## Exercise prompt
Pictures must not appear in the copy. Set down exactly the line with "Cover Letter On" and each line after it through the end of the data below.

## Data
/---

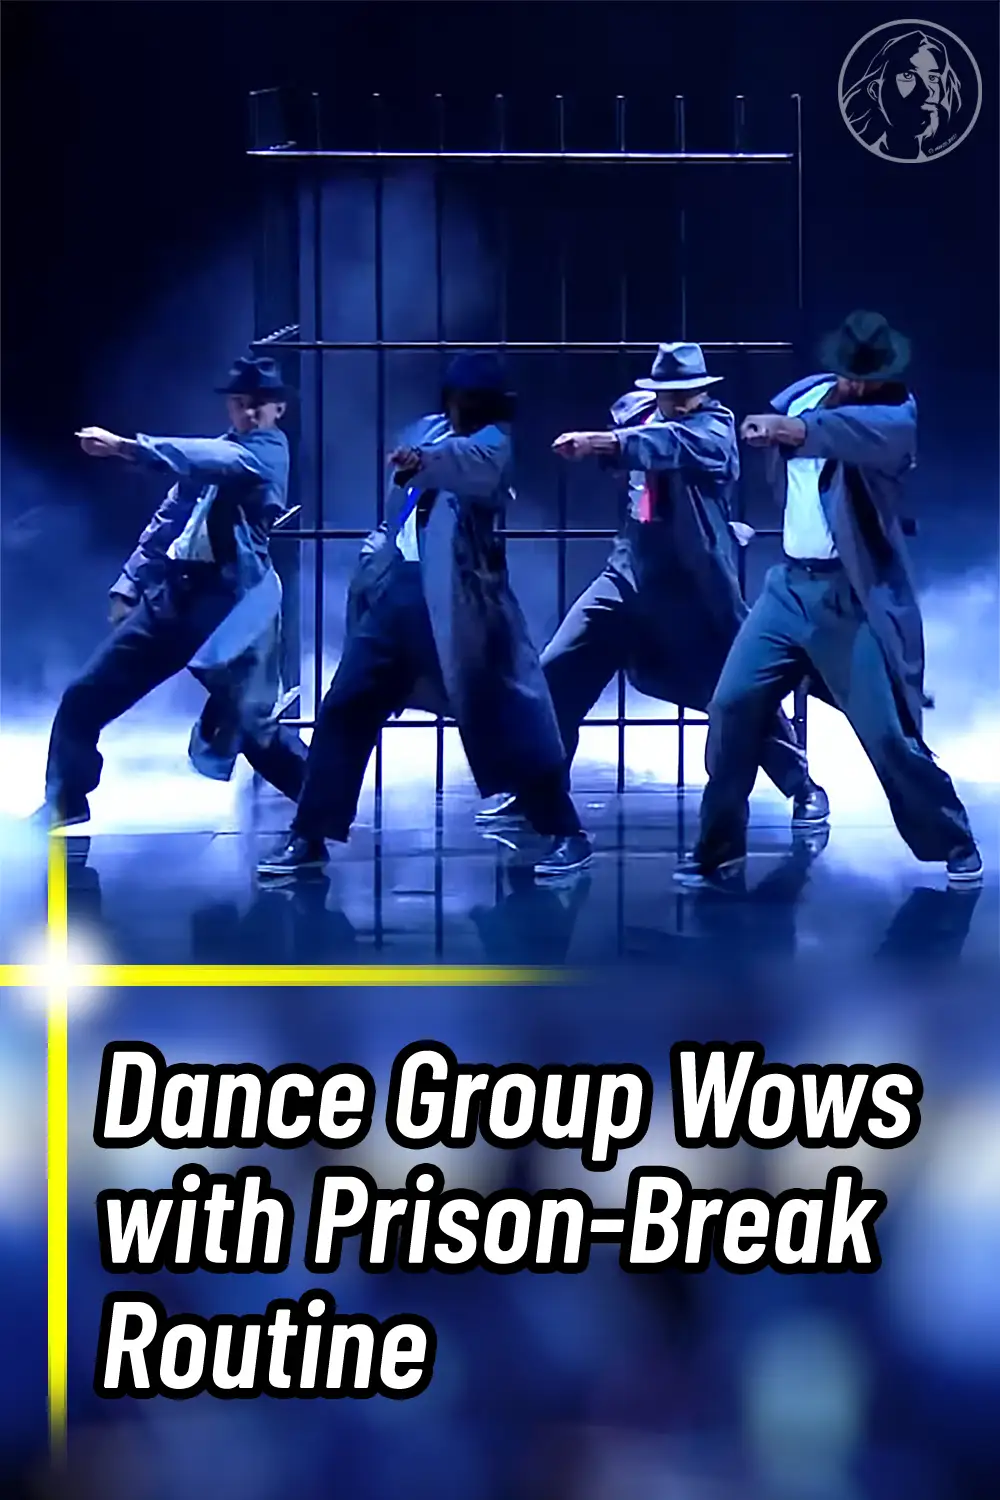 Dance Group Wows with Prison-Break Routine
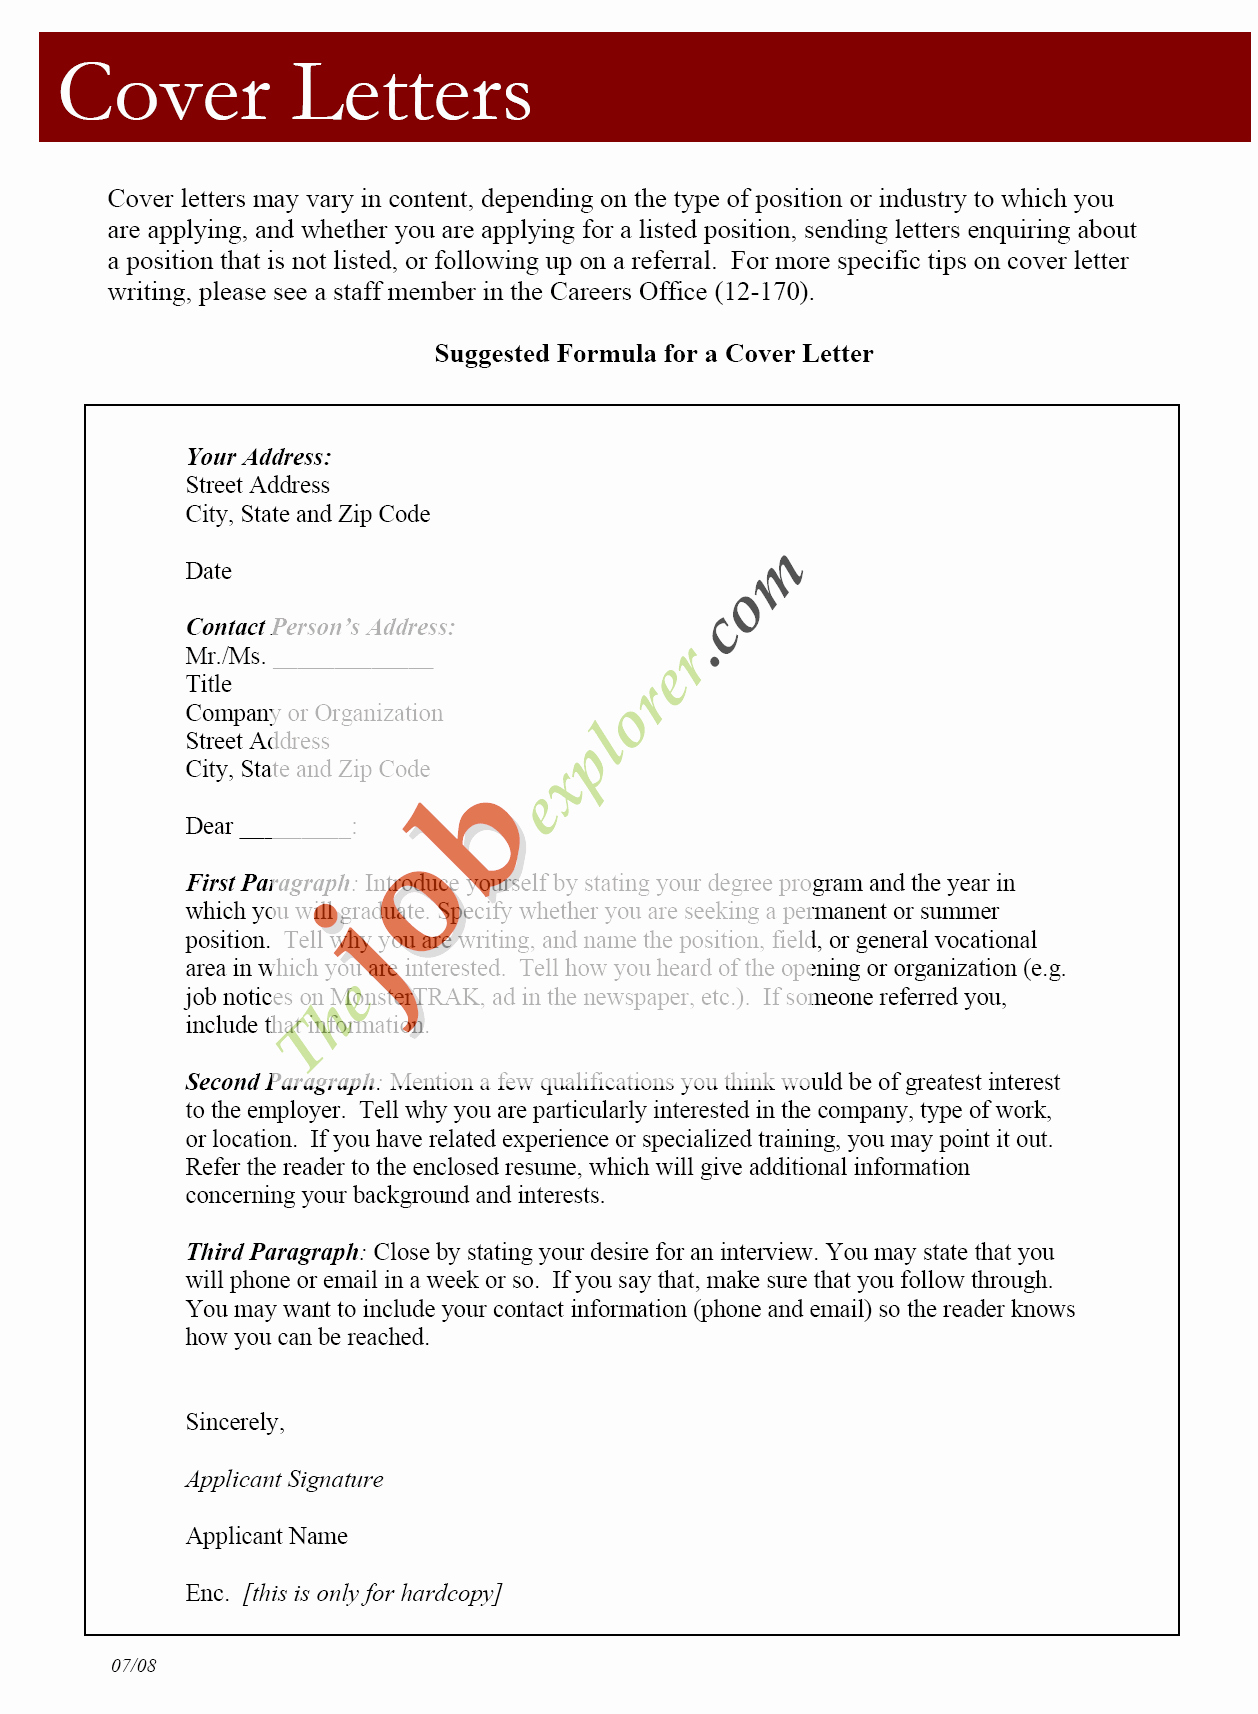 Cover Letter On A Resume Luxury Sample Resumes Free Resume Tips Resume Templates
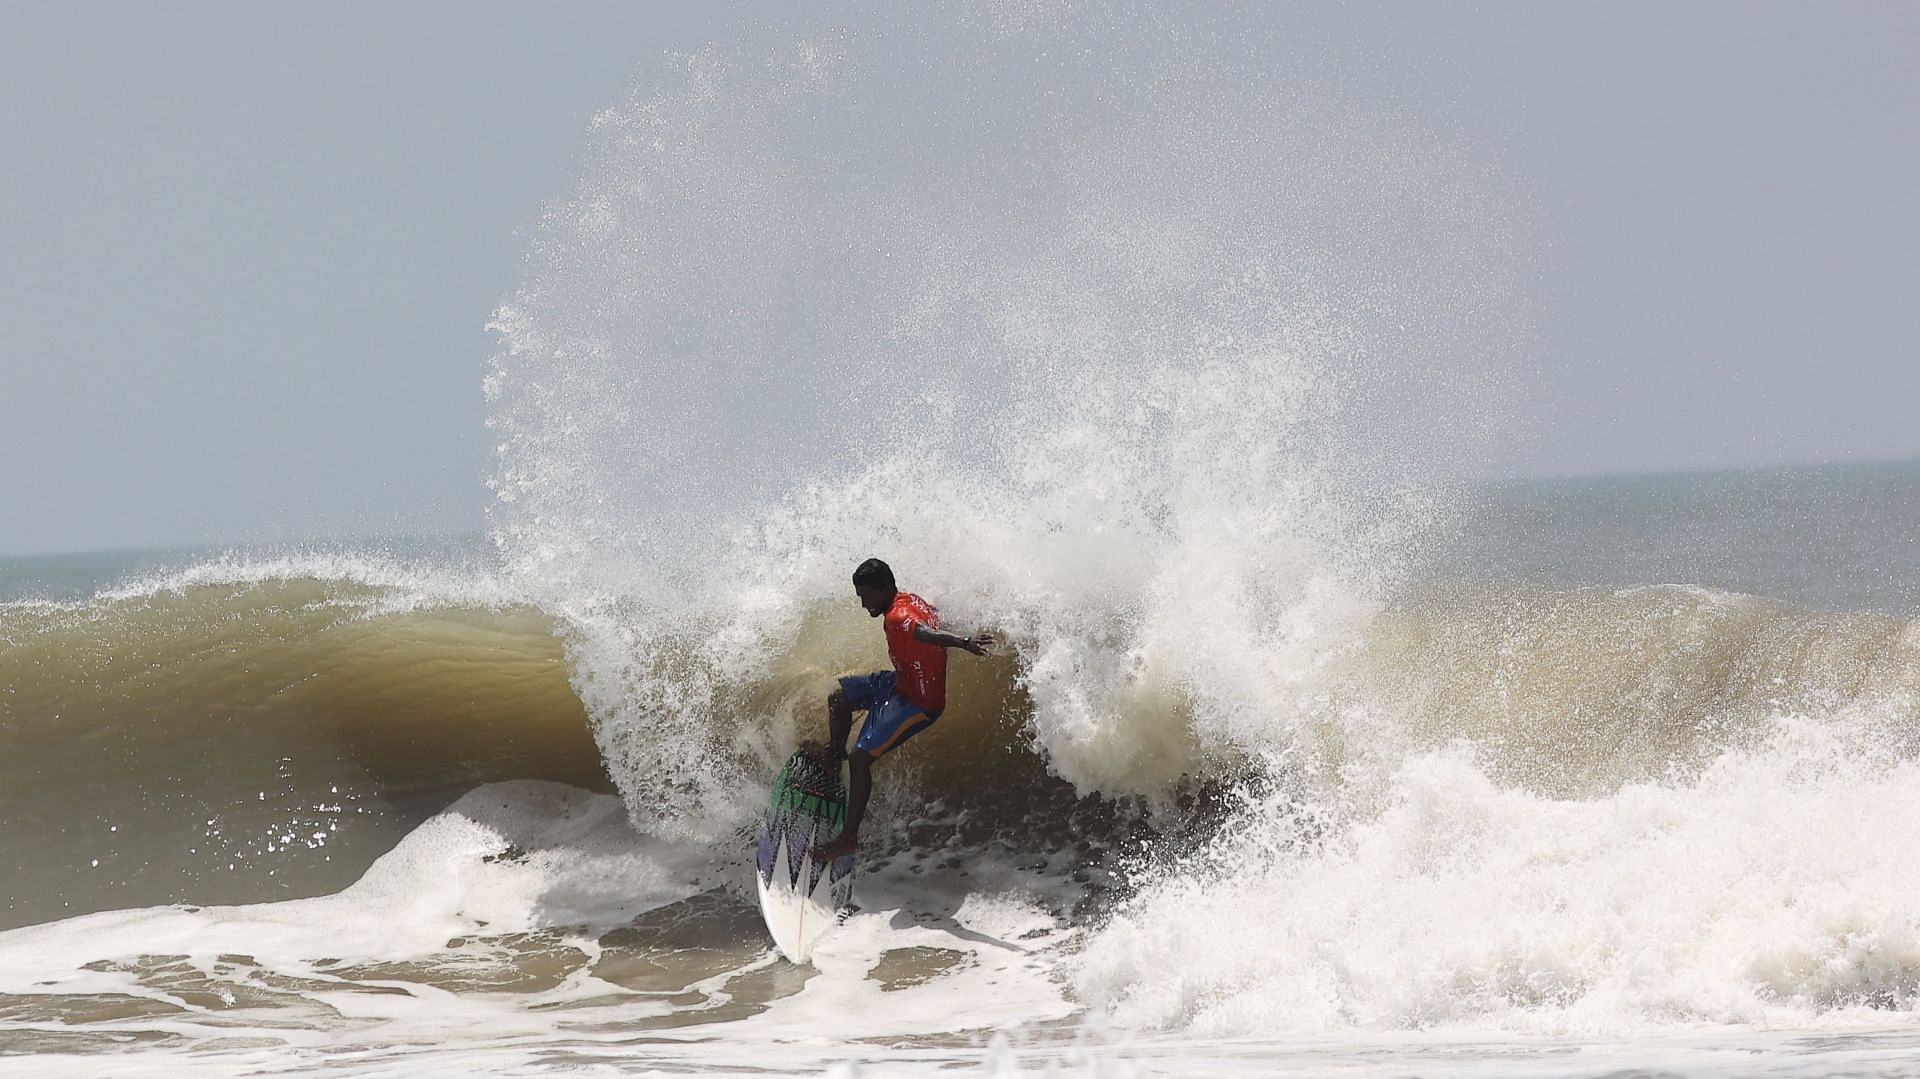 Exciting wins and impressive displays at the Inaugural Puducherry Surf Open of the East Coast Pro Tour

\---

## Answer for the task
 Cover Letter On A Resume Luxury Sample Resumes Free Resume Tips Resume Templates
 Exciting wins and impressive displays at the Inaugural Puducherry Surf Open of the East Coast Pro Tour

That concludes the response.